Italian born Balotelli took to Instagram following the match to say, “Thanks to all the colleagues on the pitch and outside of it for the solidarity shown towards me and all the messages received from you fans.  

“You have proven to be real men unlike those who deny the evidence #notoracism.” 

The incident is just one of many that have been occurring increasingly in the Italian top-flight, and it seems as though little is being done by the Italian Football Association (FIGC) to stop it. 

Back in September on Italian state television, FIFA president Gianni Infantino praised the English Football Association for its punishment towards racist fans whilst also calling for more from the appropriate authorities. 

Infantino said, “You need to identify those responsible and throw them out of the stadiums. You need, as in England, the certainty of the penalty. You can’t be afraid to condemn racists, we need to combat them until they stop.” 

The statement came as a result of three incidents where AC Milan’s Franck Kessie, Fiorentina’s Dalbert Henrique and Internazionale’s Romelu Lukaku were all subject to racist chanting, and despite all this, the largest punishment from the offences was a £9,000 fine for Atalanta in the Dalbert case, whereas Cagliari avoided sanction from the FIGC after monkey chanting was directed at the former Manchester United striker. 
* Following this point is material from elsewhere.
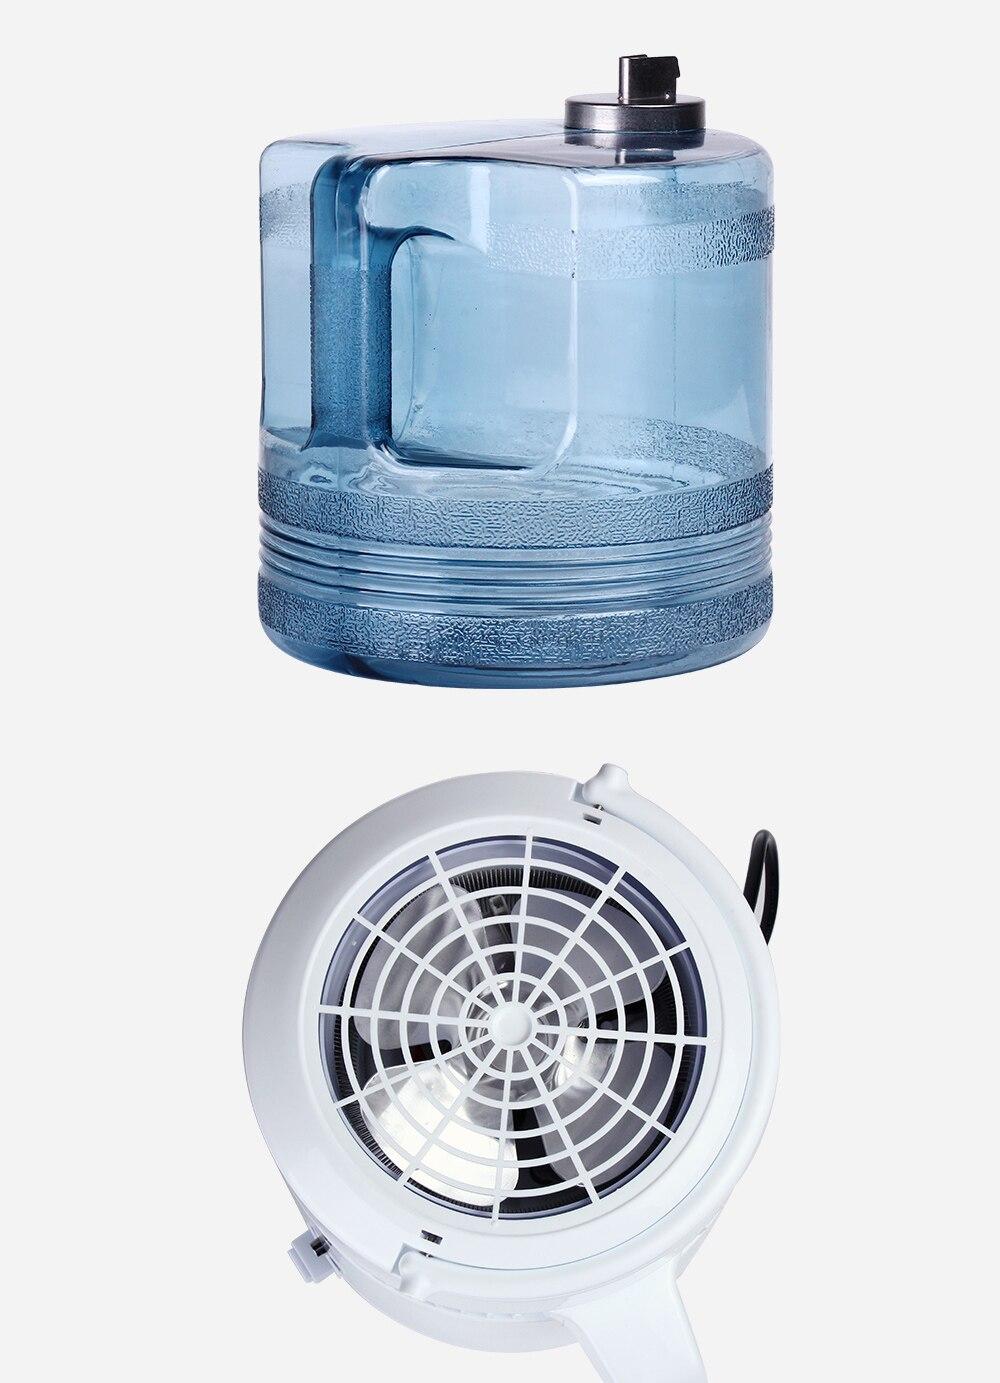 Housing Use Pure Water Distiller 4L Distilled Water Machine Distillation Purifier Stainless Steel Water Filter Russian Manual - 4

It is evident that appropriate punishments are not being handed out to clubs and particular fans who partake in abhorrent racist abuse, however, it is not solely the role of the Italian footballing authorities to stop racism, as clubs must also help stop abuse from the stands. 

Manager of Hellas Verona, Ivan Juric, insisted that no racist chanting occurred and stated, “Balotelli’s reaction? I’m not afraid to say it: Today there was nothing. 

“We don’t create a case where there isn’t, it would be a lie!” 

The comment denying the abuse and suggesting that Balotelli was lying is deplorable, especially considering the fact that video evidence of the racist chanting was posted by Balotelli to his Instagram story. 

Brescia did however support Balotelli in the incident, taking issue with the fact that people would ‘deny or minimise the gravity of the incident.’ 

A great example of how a club should respond to racism comes from West Ham, who banned a ‘fan’ for life after a video appeared of the individual making racist remarks at away fans. 

The club then released an update to their club website stating a “Zero tolerance on abhorrent behaviour,” and that there is “no place for it at our club.”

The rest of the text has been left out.